- Hedda Sterne 1947 photograph by Margaret Bourke-White
- Born: Hedwig Lindenberg August 4, 1910 Bucharest, Romania
- Died: April 8, 2011 (aged 100) New York City, U.S.
- Known for: Painting, drawing, printmaking, collage
- Notable work: New York VII (1954); Machine 5 (1950); Third Avenue El (1952–53); New York, N.Y., 1955 (1955); New York (1956); Alaska I (1958)
- Movement: Surrealism and Abstract Expressionism
- Spouses: ; Friederich Stern ​ ​(m. 1932; div. 1944)​ ; Saul Steinberg ​ ​(m. 1944; sep. 1960)​

= Hedda Sterne =

Romanian-American artist (1910–2011)

Hedda Sterne (August 4, 1910 – April 8, 2011) was a Romanian-born American artist who was an active member of the New York School of painters. Her work is often associated with Abstract Expressionism and Surrealism.

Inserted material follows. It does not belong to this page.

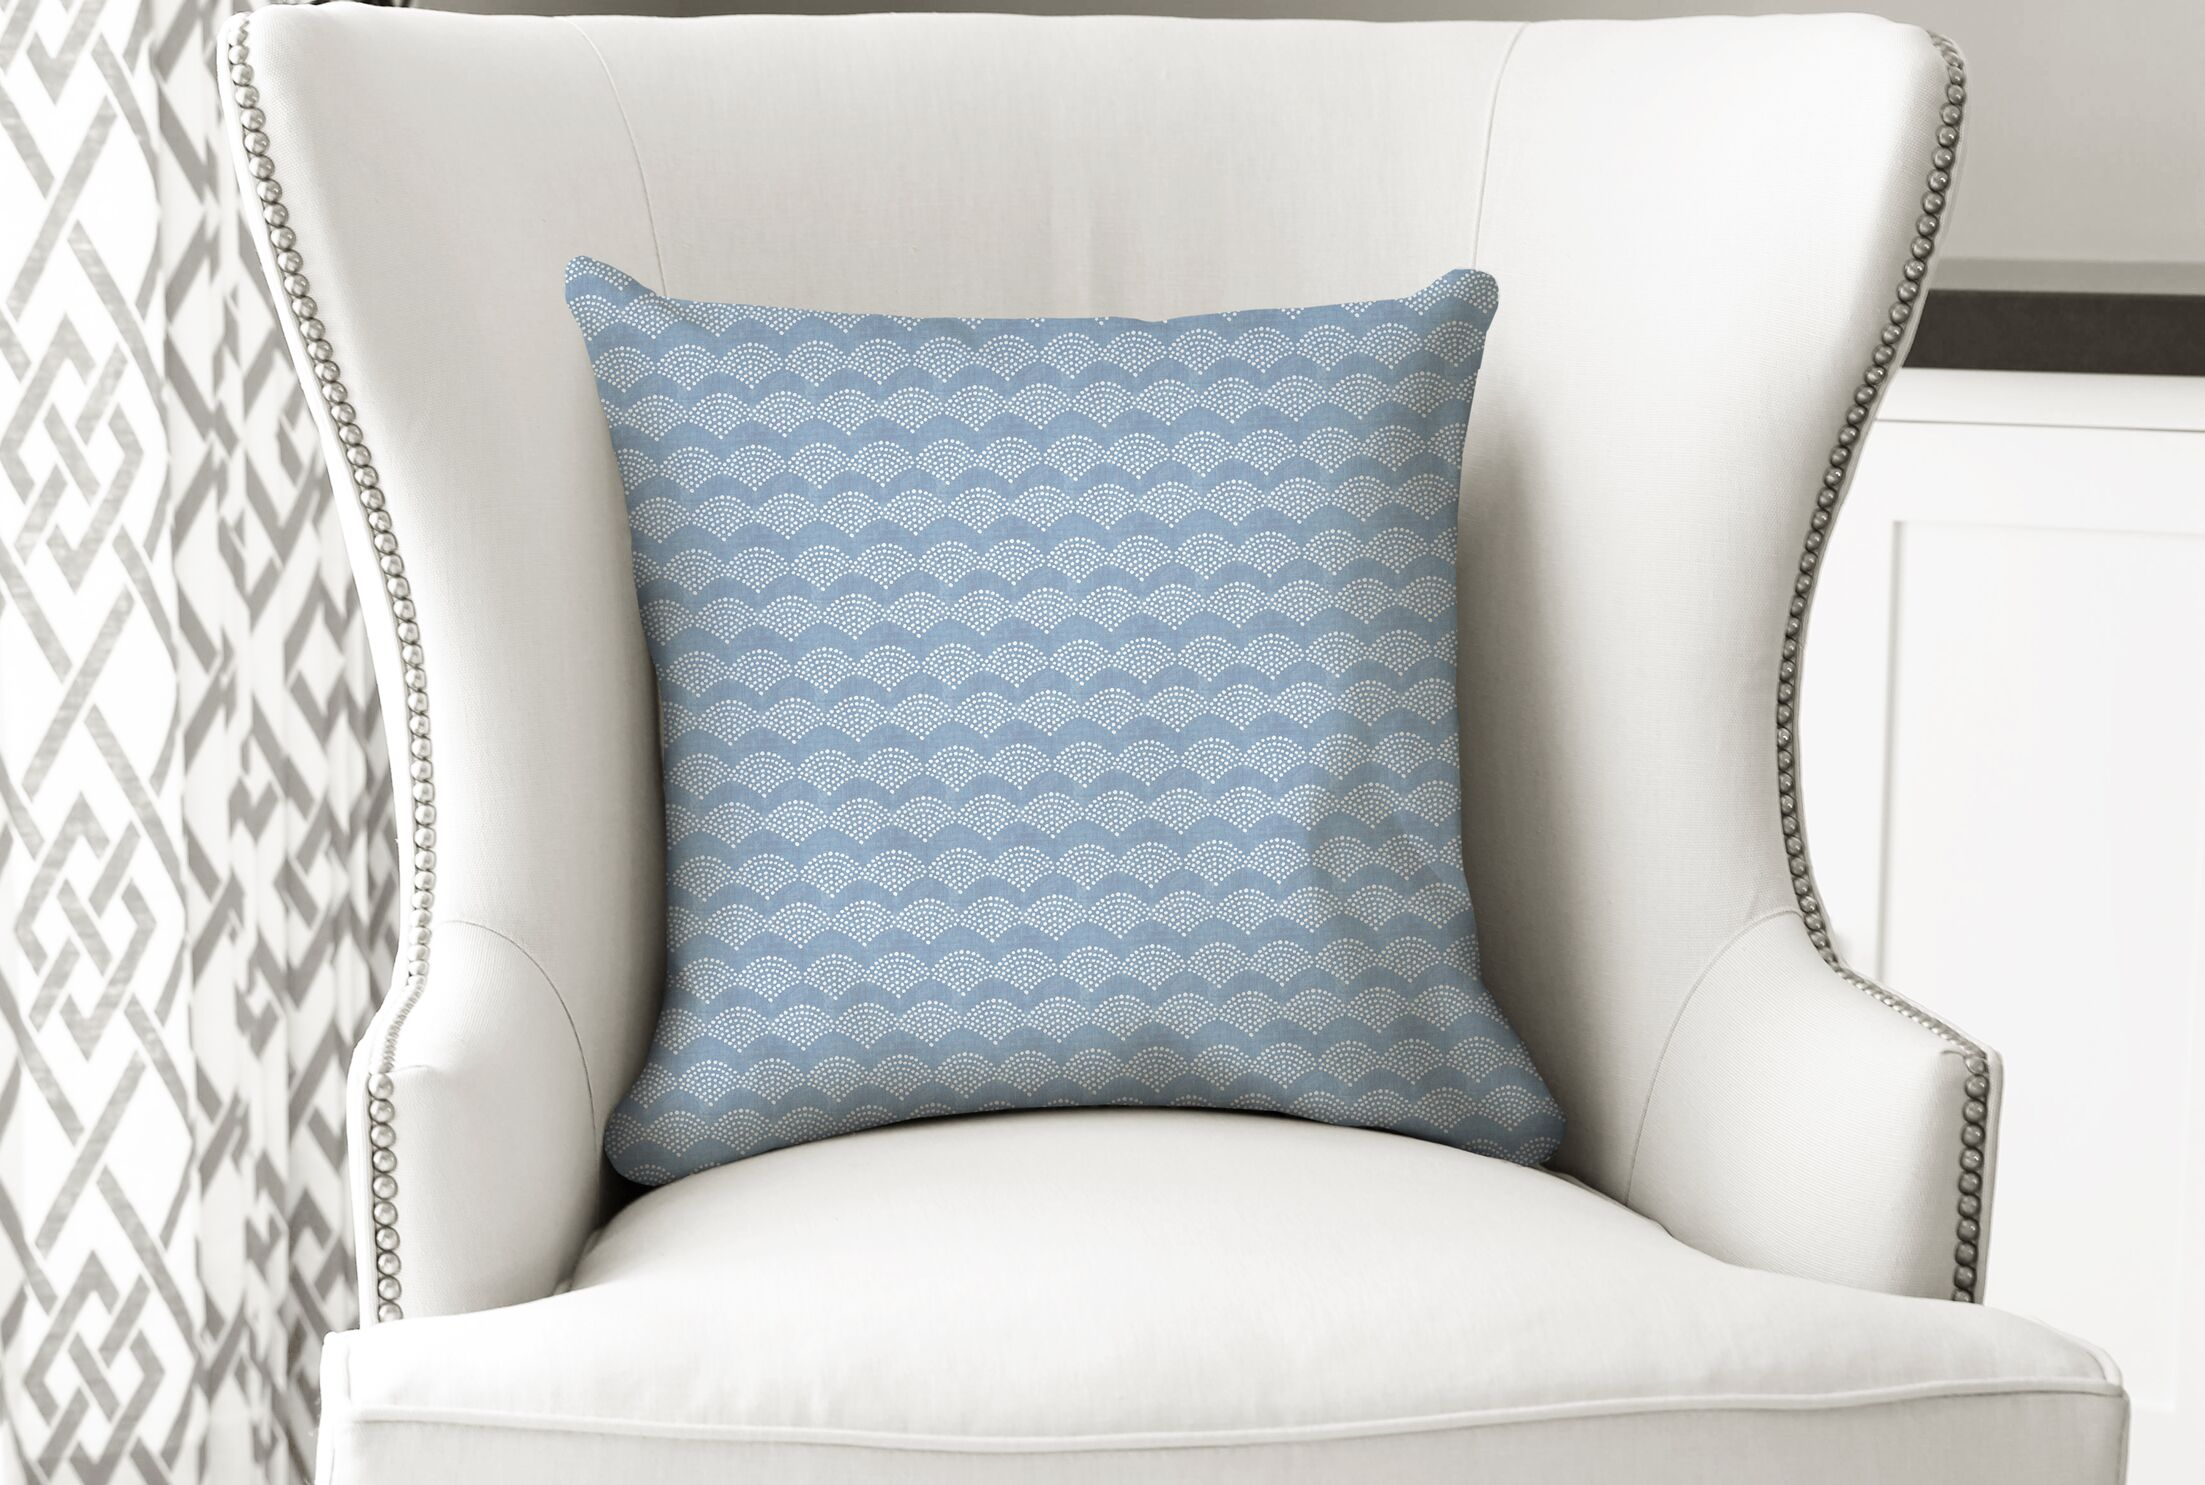 Abrams Arches Accent Pillow Size: 24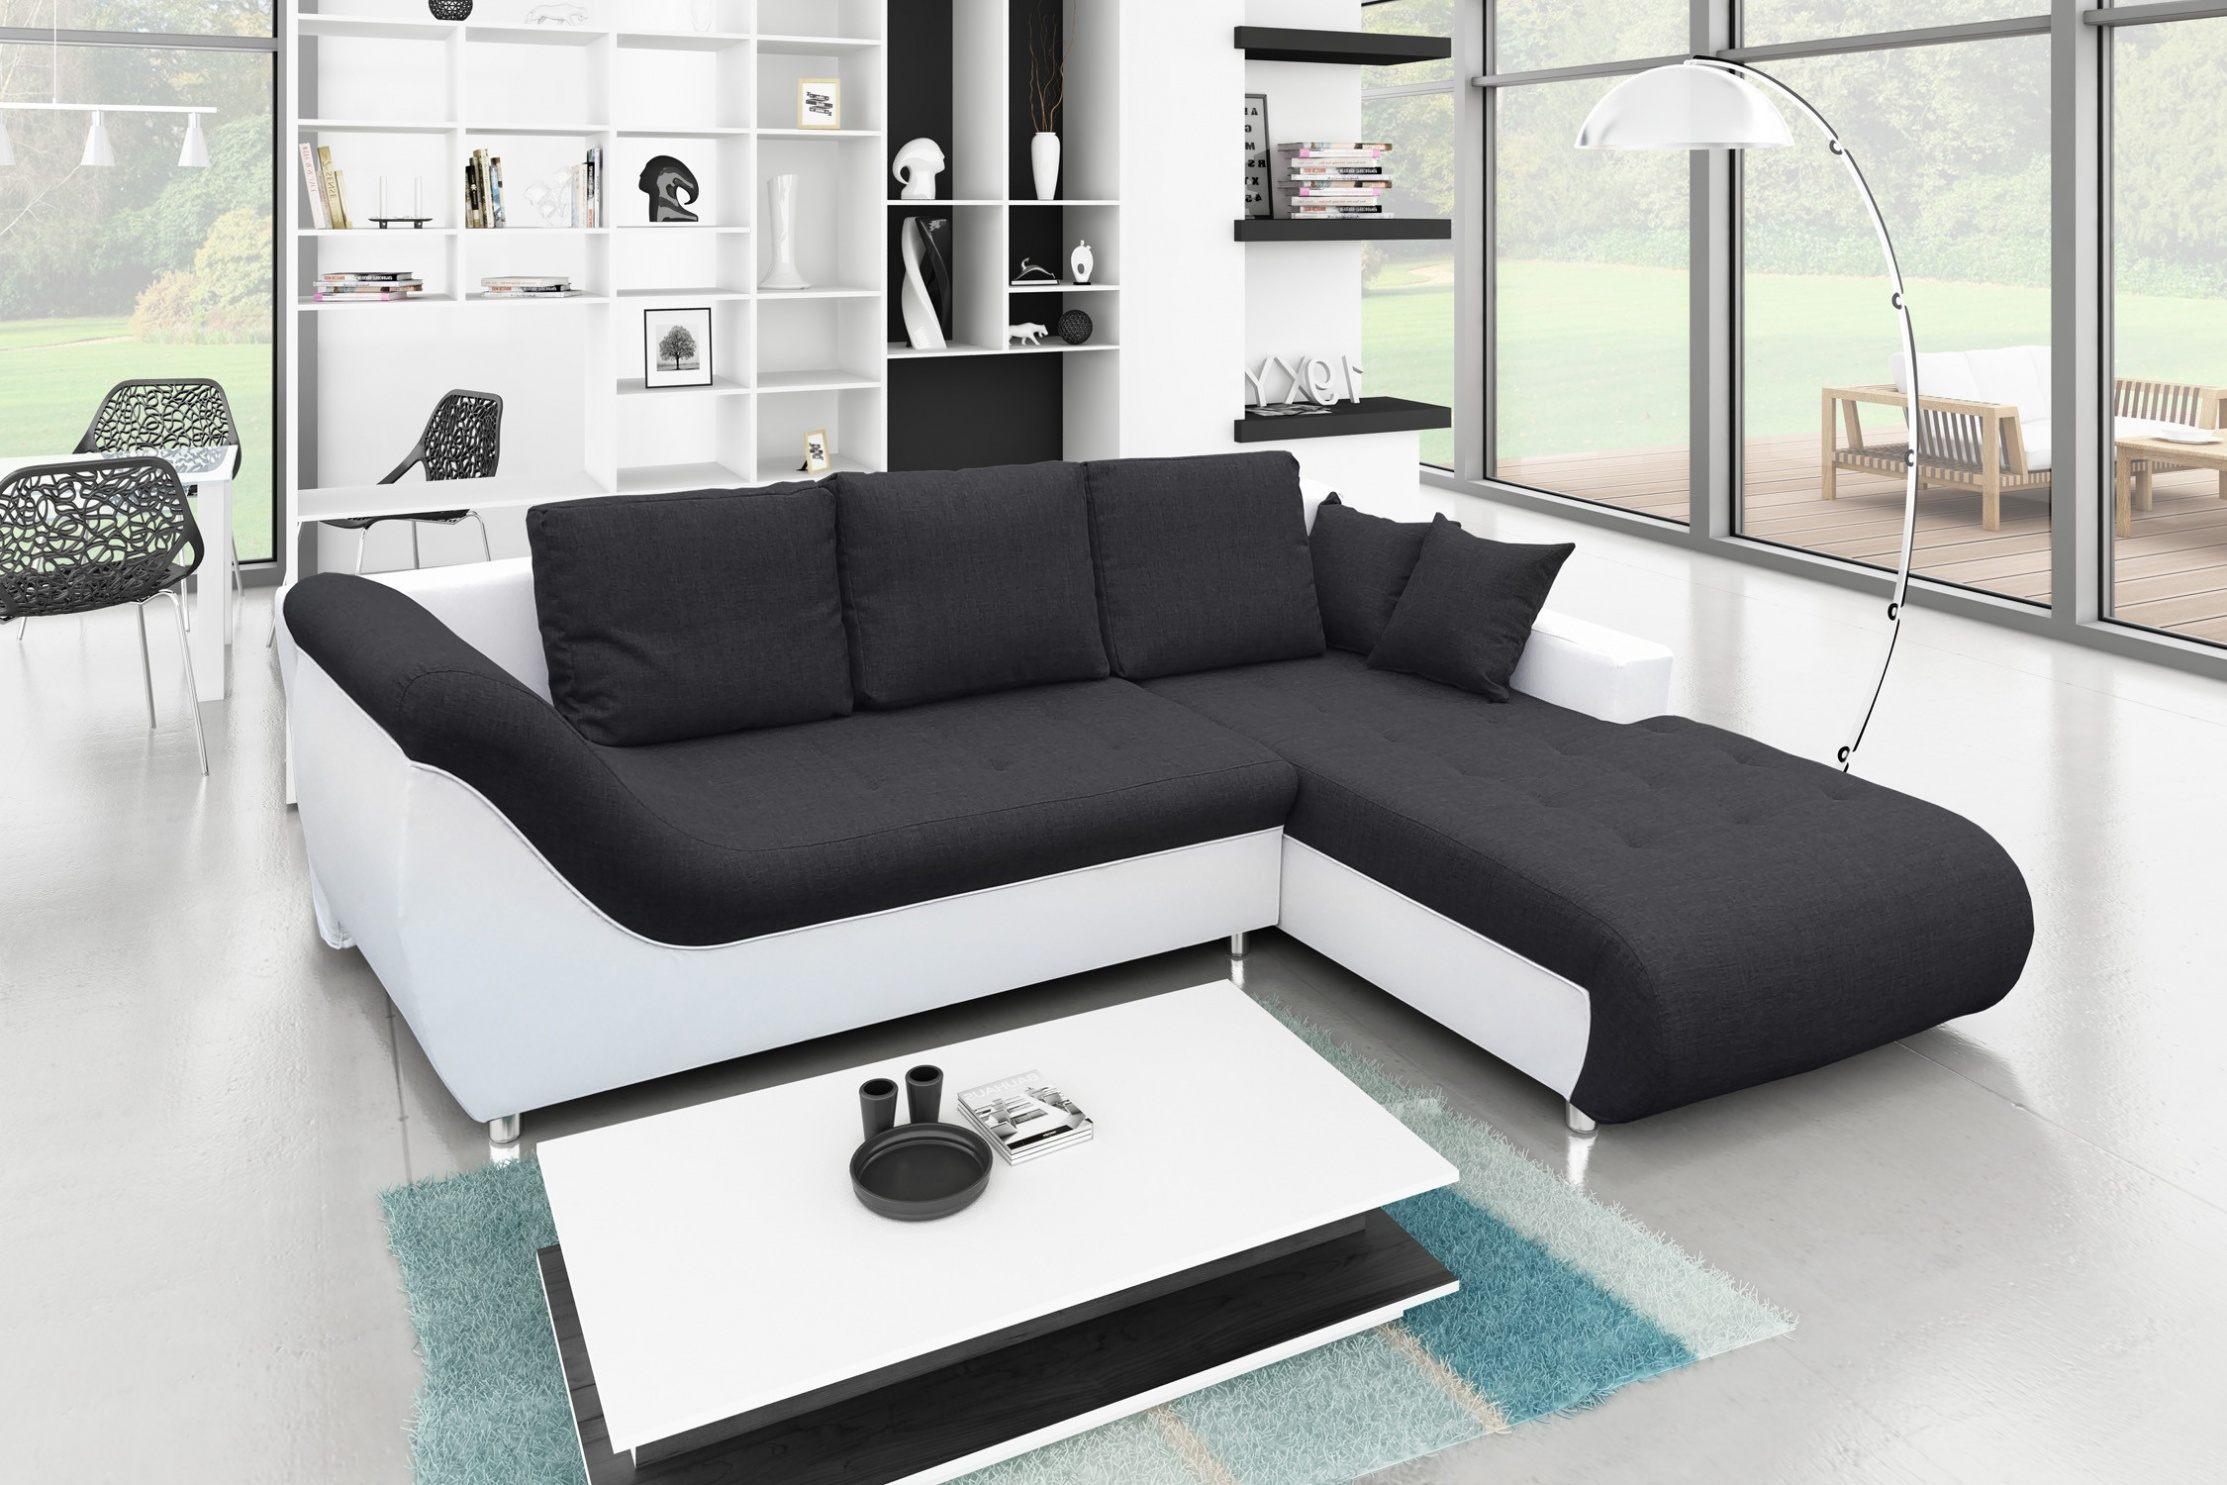 Canapé Lit 160×200 Inspiré Maha De Canapé Lit Angle Mahagranda De Home

She was also the only woman to appear in a notable photograph of abstract expressionist artists dubbed The Irascibles, although the group included other women, and Sterne herself later said she had actually not been an Irascible.

== Early life and education ==
Sterne was born as Hedwig Lindenberg in Bucharest, Romania, on August 4, 1910. She was the daughter of Jewish parents Eugenie (née Wexler) and Simon Lindenberg, a language teacher. Her older brother and only sibling, Edouard Lindenberg (1908–1973), would become a prominent conductor in Paris.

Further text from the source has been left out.